Книги

Отрочество 2

22
18
20
22
24
26
28
30

«– Не родной, – выдало тотчас напрягшееся подсознание, – не родной кабинет!»

Мысленно отметил это как нечто важное. Пока не понимаю, но подсознательно жду подвоха.

– Панкратов Егор… Кузьмич, – вытащив папку, начал он зачитывать, – он же Конёк, Шломо, Два Процента…

– Происхождение этих прозвищ не расскажите? – осведомился он многозначительно, вперив в меня суровый взгляд. Улыбаюсь ему безмятежно, хотя внутри далеко не… сильно не…

– Итак… – он отложил бумаги, поставил руки на стол и сцепил кисти, опёршись о них подбородком. Короткая игра в молчанку, и полицейский поменял метод.

– Что же вы, голубчик?

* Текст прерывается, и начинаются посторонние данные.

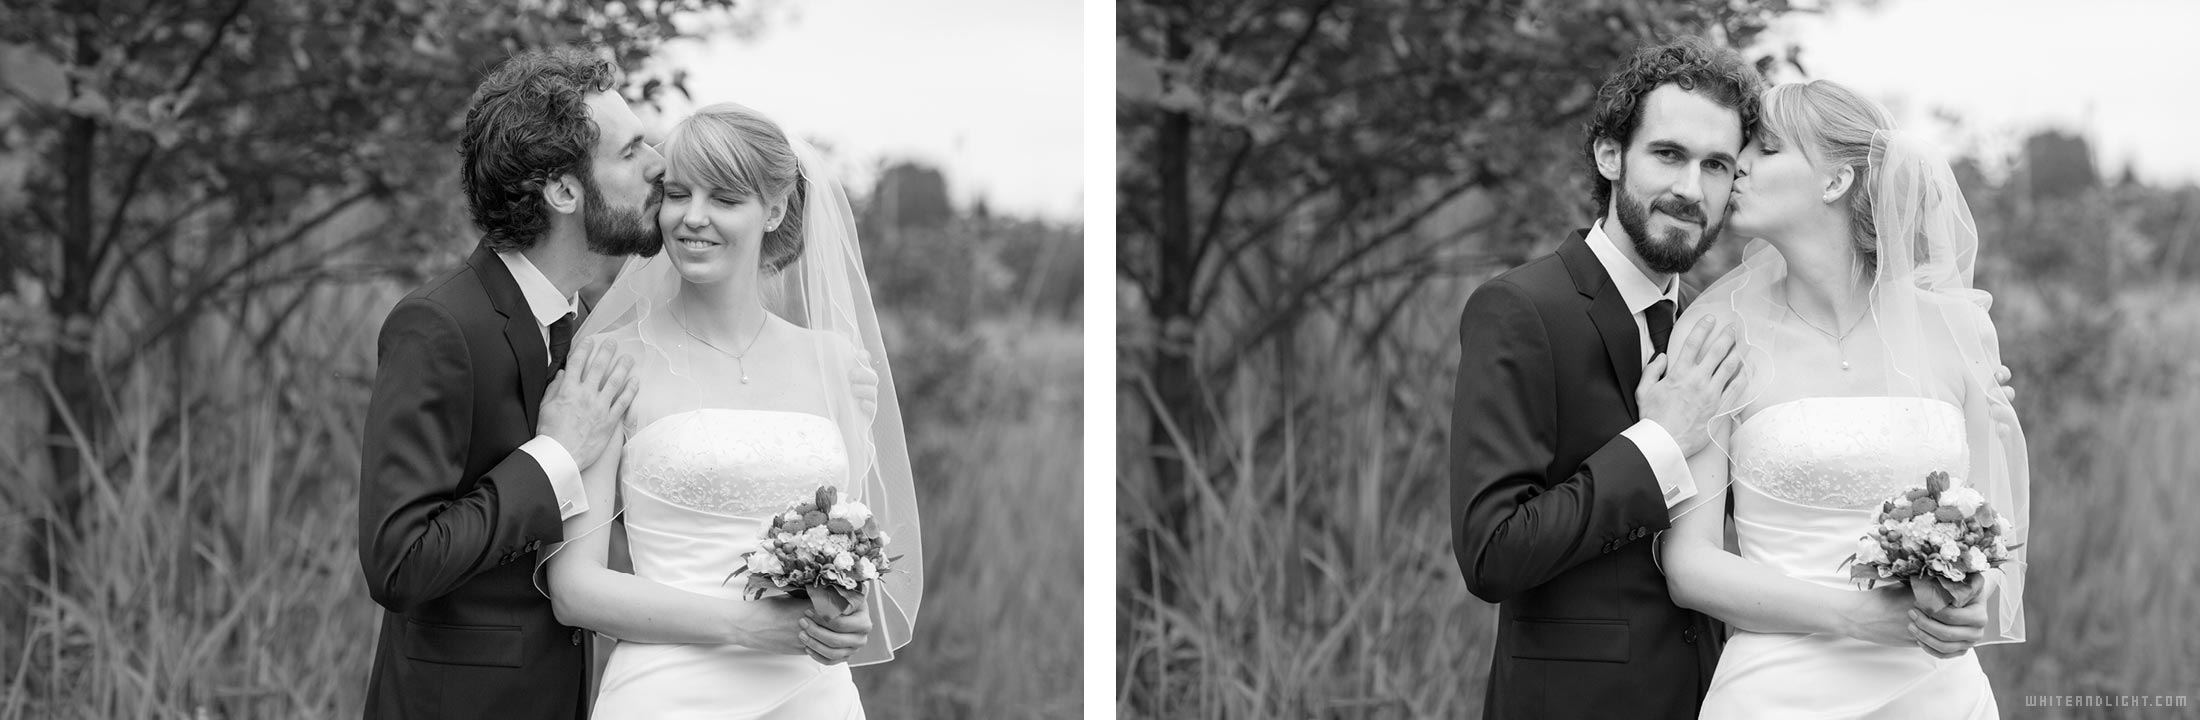 wedding photographer cost average

Напрасно, напрасно… – он нацепил пенсне с простыми стёклышками, и стал похож на земского врача или учителя, под которых, очевидно, и решил мимикрировать, – полиция, голубчик, призвана оберегать покой граждан!

Сделав интересующийся вид, услышал прямо-таки воркованье голубя перед голубкой, и…

… - лишнево не наговорили, и слава Богу, – флегматично сказал пожилой Иосиф Филиппович, грузно усаживаясь в пролётку напротив меня, – дразнить полицию не следует, но помалкивать, покуда не приедет адвокат – тактика самая правильная.

– Владимир Алексеевич спохватился? – поинтересовался я.

– Да-с… – заулыбался адвокат, – есть, знаете ли…

Покосившись на извозчика, он замолк, и молчал так до самой редакции.

– Слава Богу! – обнял меня дядя Гиляй, крепко притиснув к животу, – Мне когда сказали, што тебя полиция арестовала прямо на вокзале, я места себе…

– … вошки, – запоздало пискнул я.

– А? Пустое, – отмахнулся опекун, обнимая ещё раз, – Всё равно в баню с дороги, там и поговорим.

В Сандунах взяли семейный нумер для спокойного разговора, и после помывки, в перерывах между заходами в парную, я с подробностями рассказывал об аресте. Владимир Алексеевич, знающий в лицо едва ли не всех полицейских Москвы, только хмурился, мрачнел, да дёргал себя за усы.

– Дела, – наконец сказал он тягуче, и замолк.

– Это по закону у нас тишь, гладь и Божья благодать, – отдуваясь после выпитого залпом квасу, сказал закутавшийся в простыню Иосиф Филиппович, погрузившись в воспоминания, – Сравнить ежели с Британией, так мёд и мед – по законам ежели. Смертная казнь – событие такое себе редкое, што… Ну, не по пальцам, но десятки в год.

– А вспомнить ежели, што у нас есть и репрессии внесудебные, то на Британию с её жестокостями уже и не шибко покиваешь, – продолжил он после мрачной паузы, – Для репрессий политических никаких законодательных основ у нас и нетути. А репрессии есть.

– Сплошная натяжка законов на начальственное хотение, – закончил за него дядя Гиляй, помрачневший и будто бы даже постаревший, – самодержавное.

Вспомнились мне рассказы деревенских о том, как с артиллерией подавляют даже и не бунты, а просто волнения крестьянские. Как берут в штыки деревни, не оставляя в живых никого. Как стреляют, вешают… без суда, даже упрощённого, неправедного, военно-полевого.